The next day, he called the governor to say that the church would move ahead with the resettlement and fund its immediate needs if the state refused to dispense federal cash it had received to help with resettlement costs, as Mr. Pence had threatened.

Archbishop Tobin said that the wider Indianapolis community stepped up after the governor announced he would not welcome Syrians to Indiana, noting that one of the first donations to the local Catholic Charities agency came from the largest synagogues in Indianapolis.

Mr. Pence, who was raised Catholic but who became an evangelical Christian in college, and the archbishop still work together on other issues, Archbishop Tobin said. “We don’t throw punches or anything,” he joked.

Still, Archbishop Tobin said sometimes it is incumbent upon people of faith “to just simply say no” to policies they find unjust.

Responding to a question from Notre Dame freshman Andrew Jarocki, who asked him how he would work with other elected officials refusing to receive refugees, Archbishop Tobin recounted a scene in an Italian anti-fascist novel, Bread and Wine, in which a parish priest tells a worried parishioner, “What keeps tyrants awake at night is the little person who goes into the piazza, the town square, and writes ‘no’ on the sidewalk.”

He said it is imperative that bridge-building remain the goal, but sometimes saying “no” is the best choice.

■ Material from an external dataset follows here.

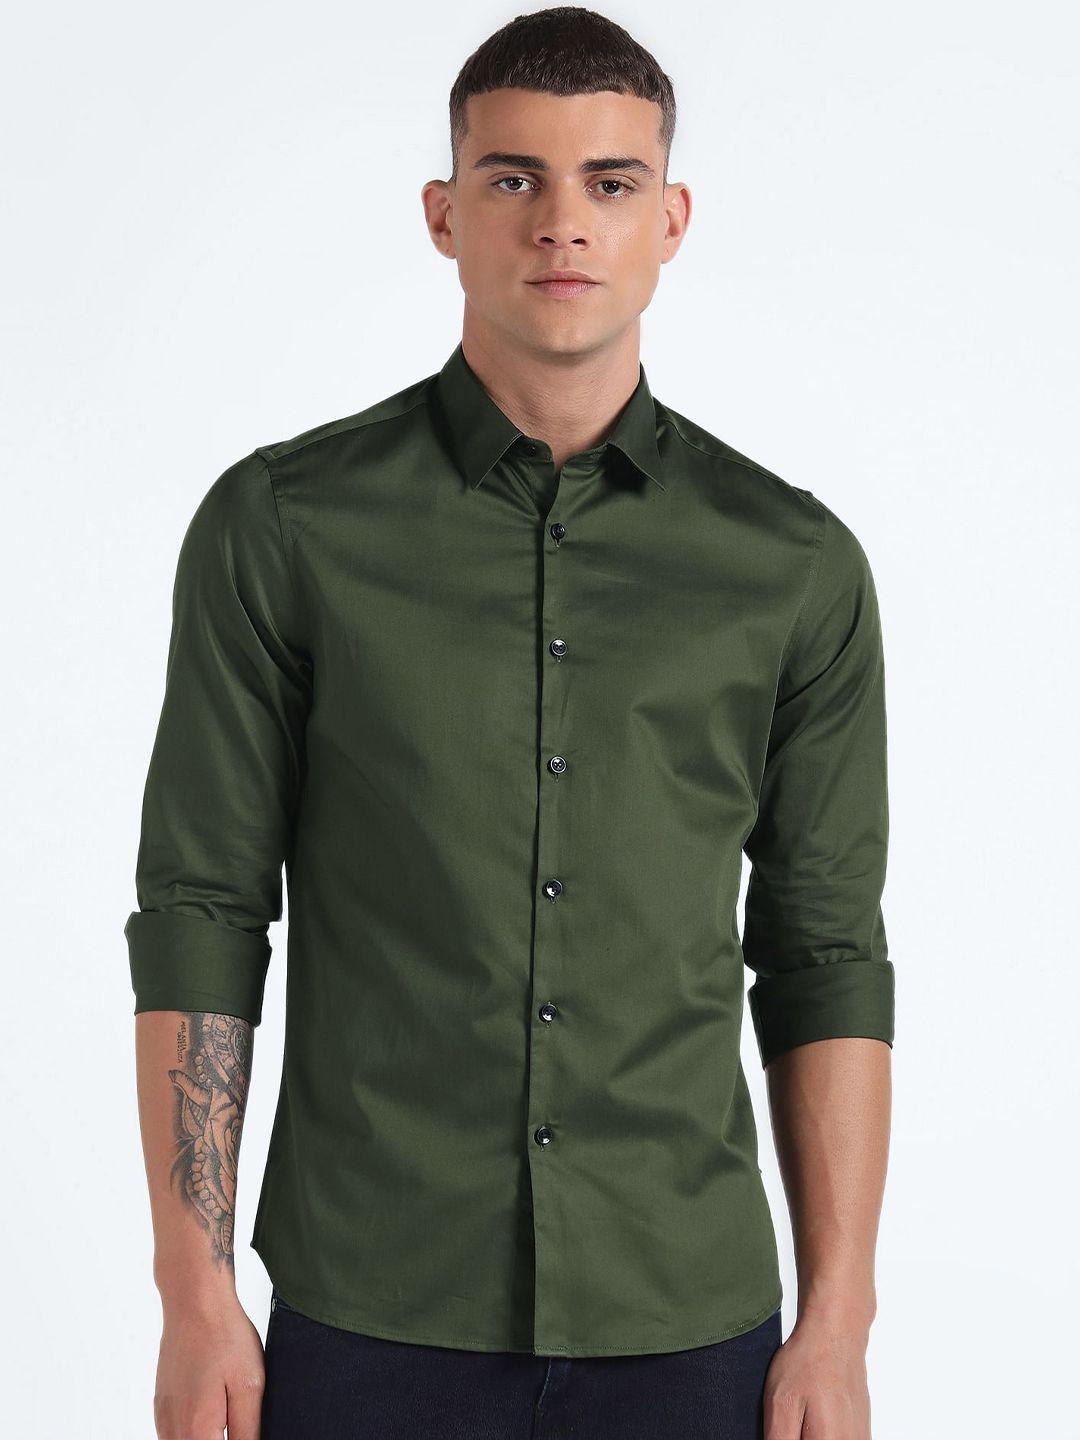 flying-machine-slim-fit-spread-collar-cotton-casual-shirt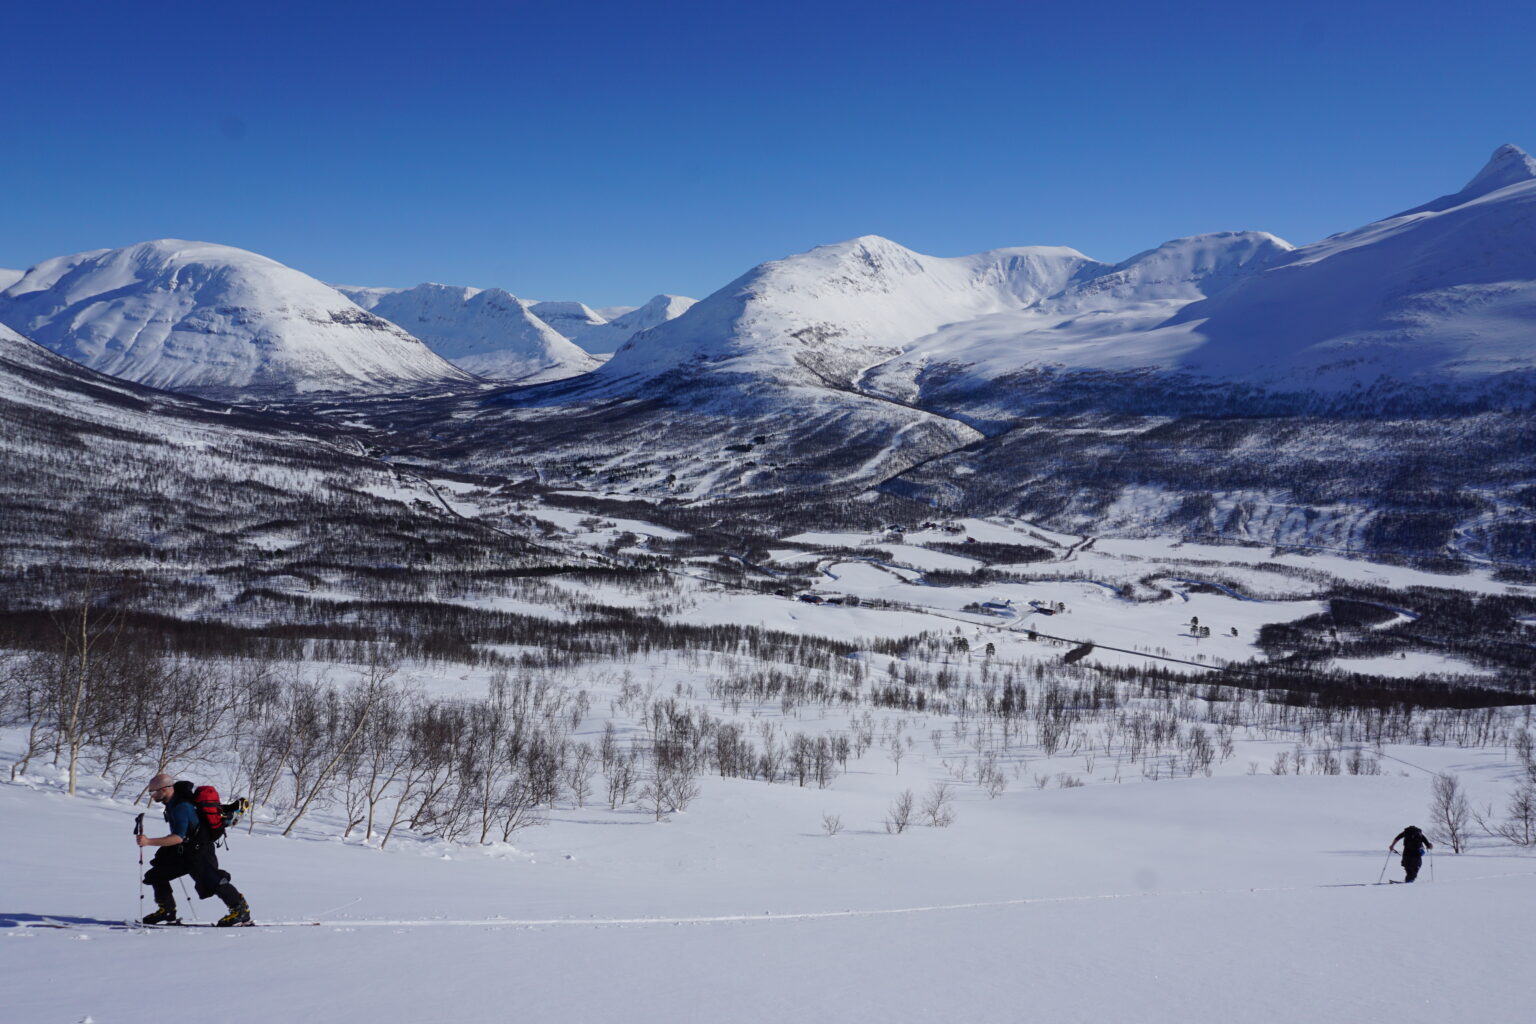 Ski touring with the Tamokdalen husset backcountry in the background

“For us,” Archbishop Tobin continued, “there are simply moments when we have to say no. No, we won’t part of ill-founded, immoral and in fact illegal policy. So I have a firm belief that you hang in there, and you listen, but you also speak.”

Archbishop Tobin contrasted Mr. Trump’s proposals with remarks Pope Francis made last week, in which he said countries must do more to welcome refugees. He called the two positions “diametrically opposed” and said the United States, too, must welcome more refugees.

“This fiscal year the U.S. plans to accept 85,000 refugees, including 10,000 from the country of Syria,” he said. “Now that’s a fraction of the more than 4 million Syrians displaced by the way since 2011.”

He noted that Lebanon has resettled more than one million Syrians, despite being home to just 4.4 million people.

The archbishop said that despite pressure from government officials, including Mr. Pence, the local Catholic Charities agency continues its work to settle refugees, “including those whom the governor fears, welcoming 52 Syrians in the past 12 months.”

He said that when the United States gives into fear and targets certain groups of refugees as being unwelcome, it harms the nation’s security and well-being.

“The United States resettles refugees of all faiths,” Archbishop Tobin said. “Keeping some Syrian refugees out of the country based on their religion sends the wrong message to the rest of the world about who we are as Americans.”

“It’s crucial that the Catholic community and people of good will contest the climate of fear that has festered in this country, particularly in the past 15 years,” he said. “This fear dehumanizes us all, causes us to abandon our most precious religious and civic values.”